No other operators (like !!) are allowed.

Other rules

• You cannot use same Prime Number more than once.
• You can use only Prime Numbers.
• Any number that appears as a number in the equation will be counted as one of the primes out of four (e.g. 7^2 means you have used both 7 and 2).
• You do not have to use all the 4 primes in every equation.
• You must use the SAME 4 primes in every equation. If you select say 2, 13, 17, 23 then they are the only primes that to appear in every equation to get the 25 primes.

I have 1 solution.
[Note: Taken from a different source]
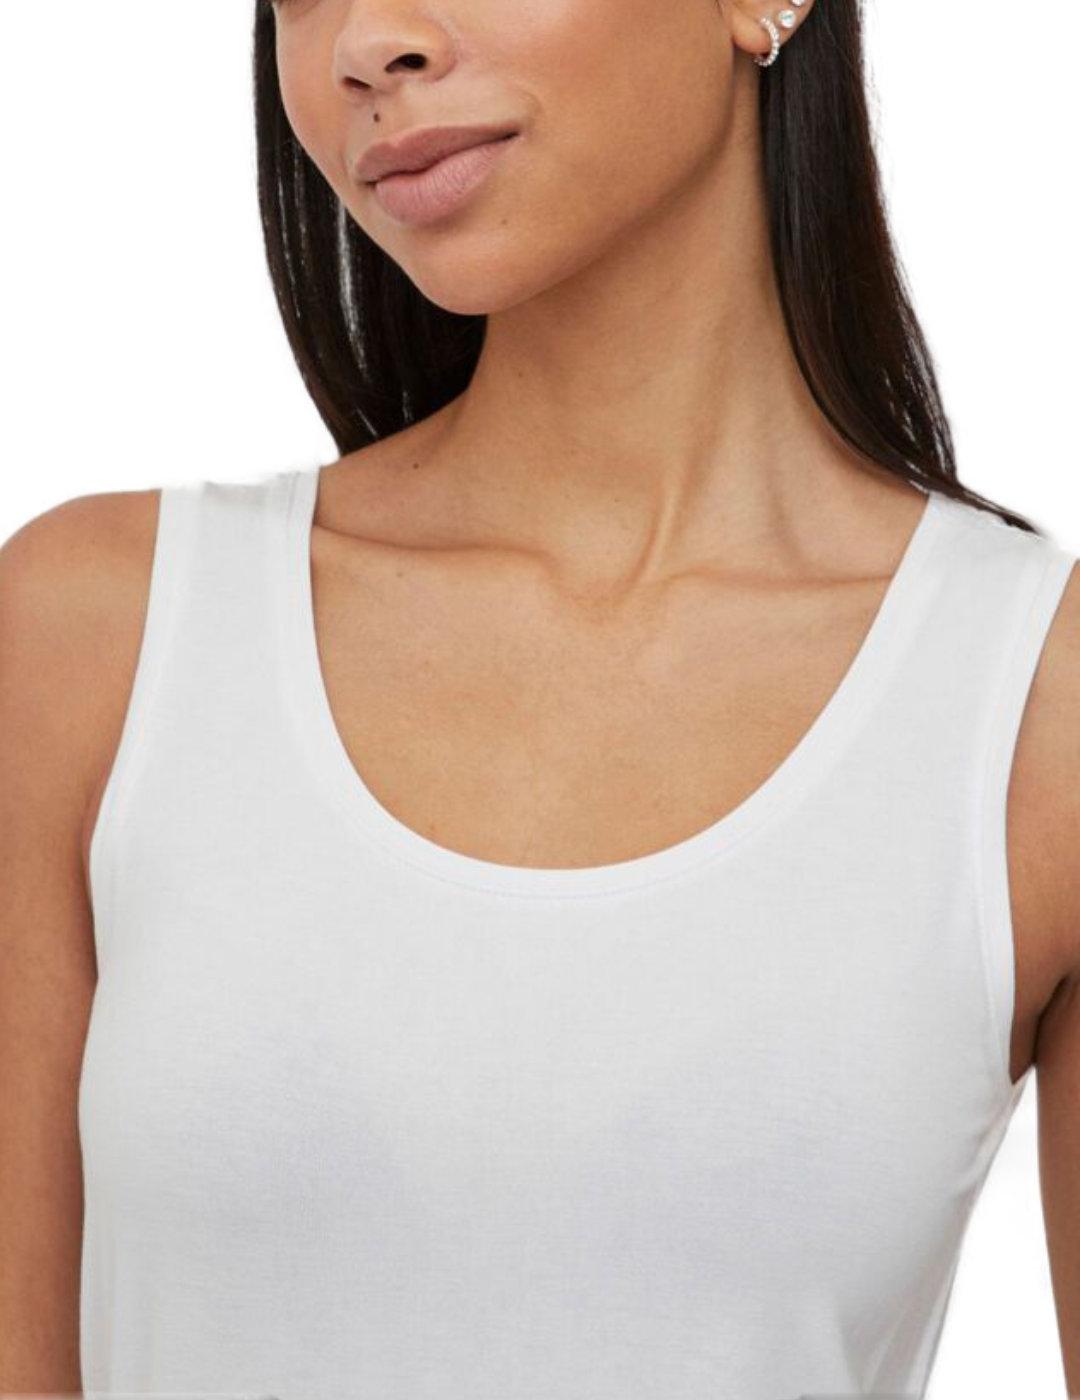 Camiseta Vila Daisy blanca tirantes para mujer-c

There may be more.

No programming please (see the sequel if that's your bag).
NO PARTIAL ANSWERS.

Answer 1

Using 2,3,7,11:

$2 = 2$

$3 = 3$

$5 = 11 + 3 - 7 -2$

$7 = 7$

$11 = 11$

$13 = 2 + 11$

$17 = 3! + 11$

$19 = 2^3 + 11$

$23 = 3 \cdot 7 + 2$

$29 = \frac{(7-2)!}{3} - 11$

$31 = 3 \cdot 11- 2$

$37 = (11-3!) \cdot 7 + 2$

$41 = 7^2 +3 - 11$

$43 = 2 \cdot 11 + 3 \cdot 7$

$47 = 3 \cdot 11 + 2 \cdot 7$

$53 = 2^ {3!} - 11$

$59 = 3! \cdot 11 - 7$

$61 = (11-2) \cdot 3! + 7$

$67 = 7 \cdot 2^3 + 11$

$71 = 2^{3!} + 7$

$73 = 3! \cdot 11 + 7$

$79 = 7 \cdot 11 + 2$

$83 = 7 \cdot 11 + 3!$

$89 = 7 \cdot 11 + 2 \cdot 3!$

$97 = (2+11) \cdot 7 + 3!$

Answer 2

83 is probably not allowed - I swear I'll find a legitimate solution soon... arrgh...

Using 2,3,5,7:

$2, 3, 5, 7 = 2, 3, 5, 7$

$11 = 7 + 5 + 2 - 3$

$13 = 7 + 5 + 3 - 2$

$17 = 7 \cdot 2 + 3$

$19 = 7 \cdot 2 + 5$

$23 = 7 \cdot 3 + 2$

$29 = 7 \cdot 5 - 3!$

$31 = 7 \cdot 5 - 3! + 2$

$37 = 7 \cdot 5 + 2$

$41 = 7 \cdot 5 + 3!$

$43 = 7 \cdot 5 + 3! + 2$

$47 = 7^2 +3 - 5$

$53 = \frac{5!}{2} - 7$

$59 = \frac{5!}{2} + 3! - 7$

$61 = \frac{5!}{2} + 7 - 3!$

$67 = \frac{5!}{2} + 7$

$71 = 3!^2 + 5 \cdot 7$

$73 = \frac{5!}{2} + 7 + 3!$

$79 = 7 \cdot (3! + 5) + 2$

$83 = 7 \cdot 2 \cdot 3! - \sqrt[\textbf{...}]{\sqrt{\sqrt{\sqrt{5}}}}$

$89 = 7 \cdot 2 \cdot 3! + 5$

$97 = 5! - 7 \cdot 3 - 2$

I had to get creative with some of these, but this was easier than expected (except 83) - many patterns seen.

Answer 3

Using 3, 5, 7, 11

2 = 5 - 3
3 = 3
5 = 5
7 = 7
11 = 11
13 = 7 + 3!
17 = 11 + 3!
19 = 3 × 5 + 11 - 7
23 = 11 + 7 + 5
29 = 5!/3 - 11
31 = 11 × 3 + 5 - 7
37 = 7 × 3! - 5
41 = 5 × 3! + 11
43 = 7 × 5 + 11 - 3
47 = 5!/3 + 7
53 = 7!/5! + 11
59 = 11 × 5 + 7 - 3
61 = 11 × 5 + 3!
67 = (3+5) × 7 + 11
71 = 7 × 11 - 3!
73 = 11 × 3! + 7
79 = 11 × 7 + 5 - 3
83 = 11 × 7 + 3!
89 = (11 + 5) × 3! - 7
97 = 11 × 7 + 5!/3!

89 was the hardest of these for me, followed by 67 and 53.

Answer 4

Using 2, 3, 5, 17

2 = 2
3 = 3
5 = 5
7 = 5 + 2
11 = 17 - 3!
13 = 5 × 2 + 3
17 = 5 × 3 + 2
19 = 17 + 2
23 = 17 + 3!
29 = 17 × 2 - 5
31 = 17 × 2 - 3
37 = 17 × 2 + 3
41 = 17 × 3 - 2 × 5
43 = 5! / 2 - 17
47 = 5 × 3 × 2 + 17
53 = 17 × 3 + 2
59 = 5! / 3 + 17 + 2
61 = 17 × 3 + 5 × 2
67 = 5! - 3 × 17 - 2
71 = 5! - 3 × 17 + 2
73 = 17 × 5 - 2 × 3!
79 = 17 × 5 - 3!
83 = 17 × 5 - 2
89 = 17 × 5 - 2 + 3!
97 = 17 × 3! - 5

67 & 71 were hardest here, but their solutions came as a pair.